Article ID: | iaor20164045 |
Volume: | 32 |
Issue: | 4 |
Start Page Number: | 668 |
End Page Number: | 710 |
Publication Date: | Nov 2016 |
Journal: | Computational Intelligence |
Authors: | Bartk Roman, ern Martin, Brom Cyril, Gemrot Jakub |
Keywords: | computers, behaviour |
Many contemporary computer games, notably action and role‐playing games, represent an interesting class of navigation‐intensive dynamic real‐time simulations inhabited by autonomous intelligent virtual agents (IVAs). Although higher level reasoning of IVAs in these domains seems suited for action planning, planning is not widely adopted in existing games and similar applications. Moreover, statistically rigorous study measuring performance of planners in decision making in a game‐like domain is missing. Here, five classical planners were connected to the virtual environment of Unreal Development Kit along with a planner for delete‐free domains (only positive preconditions and positive effects).
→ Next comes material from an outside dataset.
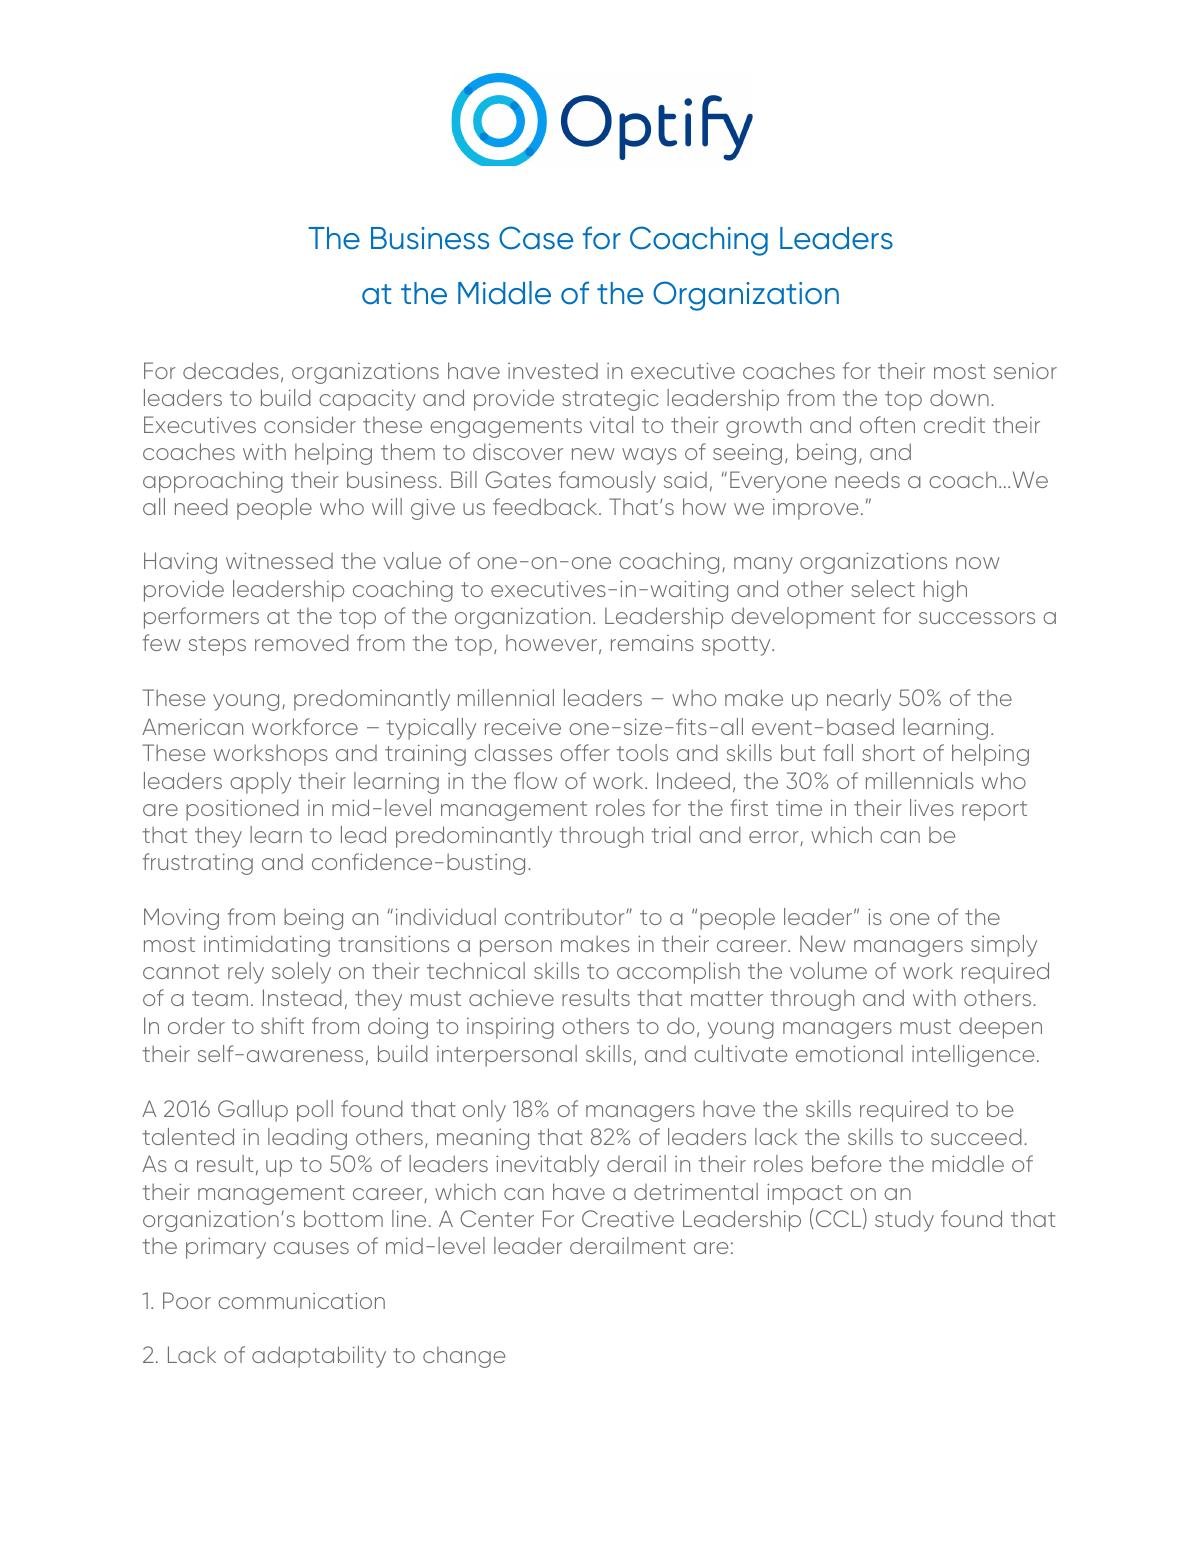 The Business Case for Coaching Leaders at the Middle of the Organization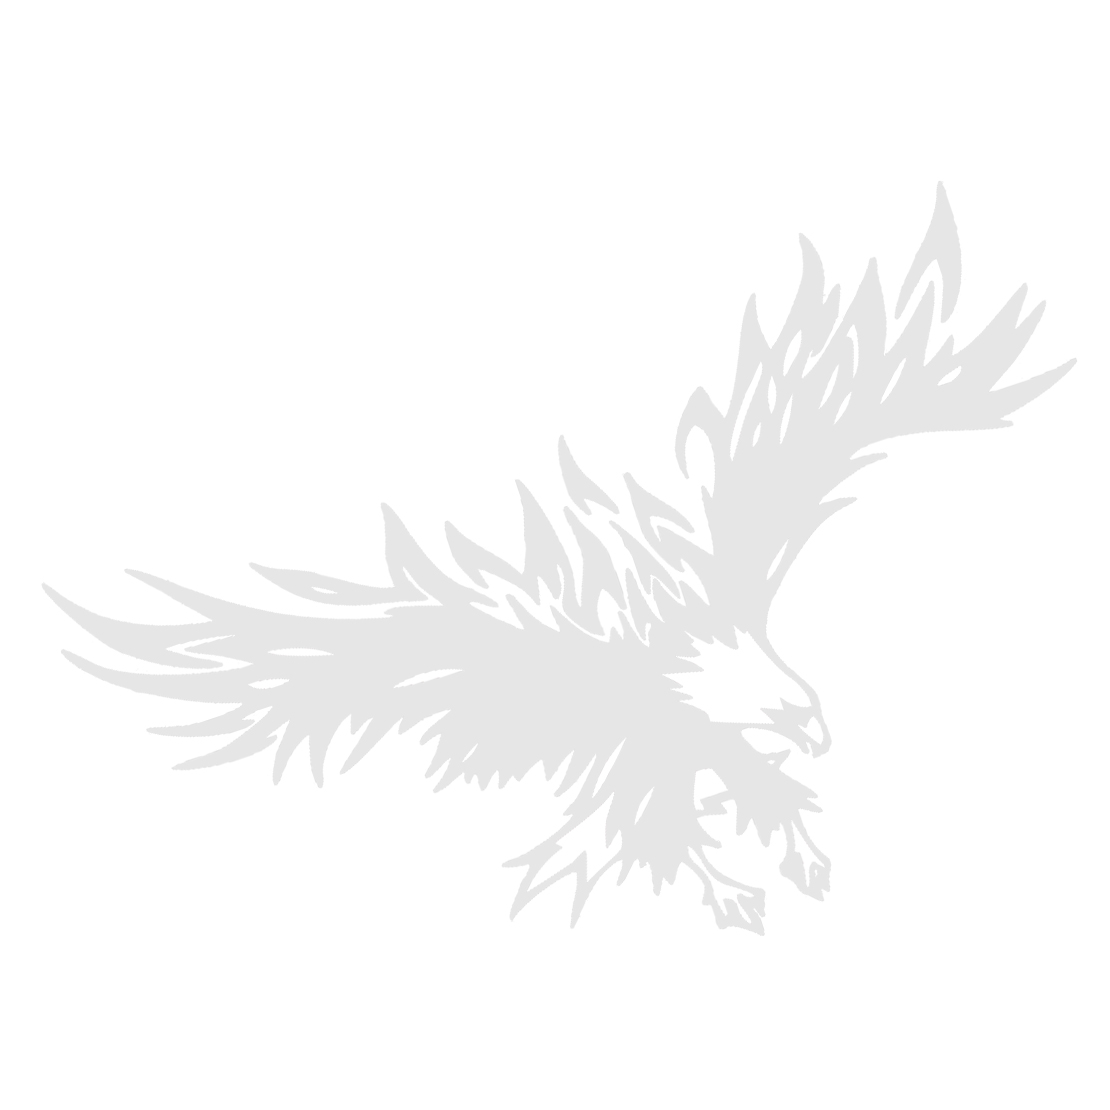 Car Hood Stickers - Eagle Car Decals - Truck Decals - Racing Decoration  Flying Wings Eagle Pattern Car Hood Decal Truck SUV Body

Performance of IVAs employing those planners and IVAs with reactive architecture was measured on a class of game‐inspired test environments of various sizes and under different levels of external interference. The analysis has shown that planning agents outperform reactive agents if (i) the size of the problem is small or if (b) the environment changes are either hostile to the agent or infrequent. In delete‐free domains, specialized approaches are inferior to classical planners because the lower expressivity of delete‐free domains results in lower plan quality. These results can help to determine when planning is advantageous in games and for IVAs control in other dynamic real‐time environments.